He was supposed to go back after his mouth healed and get the rest of them cleaned and get some fillings but he didn't. Then I got laid off from my job and we couldn't afford to. I have to beg him to brush his teeth if he ever does. He has hair down to the middle of his back and he says he is too tired to brush it every night. I try to brush it sometimes but I've been working evening shift and don't get home in time to.

Sometimes I think he just dosen't care.


----------



## dcrim (Oct 1, 2008)

I got to wonder...why did you marry Dan?!? Settling? Were you/he actually in love? Did none of his traits show up while you were dating? How could you have dated a man that didn't brush his teeth? yuck!


----------



## Amplexor (Feb 13, 2008)

As I always recommend people need to end one relationship before the start a new one. That gives you a better opportunity to see clearly. The situation you are in now sounds horrid. Personal with me, I can’t stand to be around people with bad hygiene. The same with messy houses. While you feel you are still in love with Joe could it be that he simply represents a better option then where you are now? You and Joe split for a reason and it sounds as if it was pretty ugly. After the initial euphoria fades will you be back into the same mode. Try to fix your marriage first and if that can’t work out divorce and take some time before you jump into something else. Good luck.


----------



## H8M32DAY (Oct 16, 2008)

Dan was a lot cleaner when we were dating than before we got married. When we'd go out he'd clean up and look nice. That's another thing, he dosen't want to take me out anymore either. He says he'll take me bowling or out to dinner, then it never happens. Also when we first married his mom didn't live with us and I had better control of the house. It has gone all to heck since she moved back and brought the messiness out in both of them

With Joe, he was 17 when we got married. He didn't take it as serious as I did. He has since been married and divorced to what he calls a "psycho". Joe told me he didn't know how good he had it with someone who cares for and respects him. He also said he misses how clean I was and has taken after me in cleaning and organization. He has also gone to counseling on how to stay married and treat poeple.


----------



## happy as a clam (Jan 5, 2014)

Personally, I really don't think you should be with Dan OR Joe.

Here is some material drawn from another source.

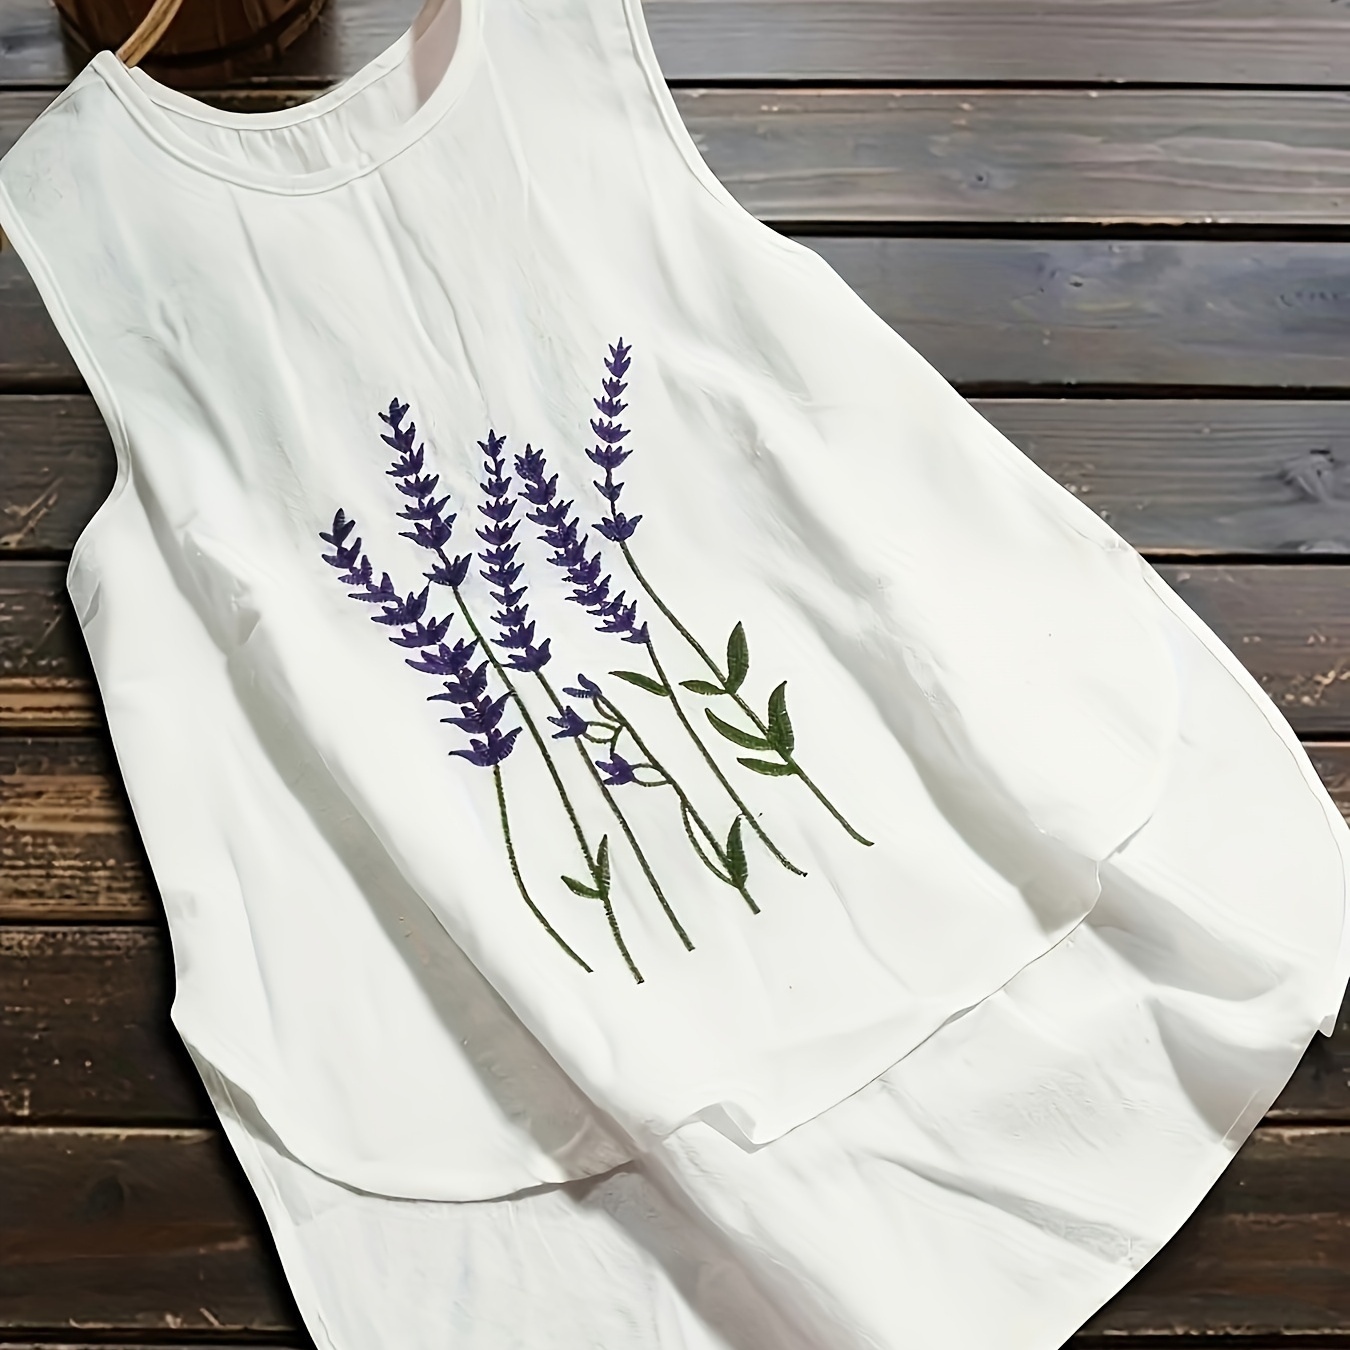 

Floral Embroidered High Low Hem Tank Top, Casual Crew Neck Sleeveless Tank Top For Summer, Women's Clothing

Dan sounds absolutely gross to live with (poor hygiene, bad teeth, messy house, and his mother living there too!). And what's to stop Joe from telling you he hates you again two years from now, like last time?

Whatever you decide, you should take your time about it. If you ditch Dan and go back to Joe, date him for a good long while before you jump back into marriage.


----------



## Ikaika (Apr 23, 2012)

http://youtu.be/_-T_v2LDXCM


----------



## pidge70 (Jan 17, 2011)

happy as a clam said:


> Personally, I really don't think you should be with Dan OR Joe.
> 
> Dan sounds absolutely gross to live with (poor hygiene, bad teeth, messy house, and his mother living there too!). And what's to stop Joe from telling you he hates you again two years from now, like last time?
> 
> Whatever you decide, you should take your time about it. If you ditch Dan and go back to Joe, date him for a good long while before you jump back into marriage.

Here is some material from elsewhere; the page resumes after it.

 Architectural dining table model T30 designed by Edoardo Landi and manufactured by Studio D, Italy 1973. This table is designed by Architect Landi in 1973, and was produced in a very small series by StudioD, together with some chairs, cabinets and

Happy, this thread is 6yrs old.
_Posted via Mobile Device_


----------



## manfromlamancha (Jul 4, 2013)

Forget Joe - he once said he hated you and that is a pretty strong word to use on a wife! What was that about ? Could happen again.

Drop Dan - seems you got tricked into marrying him and he certainly isn't ideal for you.

Go out and start again and get a lot cleverer at picking men and the right man!


----------



## Rayloveshiswife (Sep 25, 2013)

Hey guys. This thread is from 2008 👀

Ray
_Posted via Mobile Device_


----------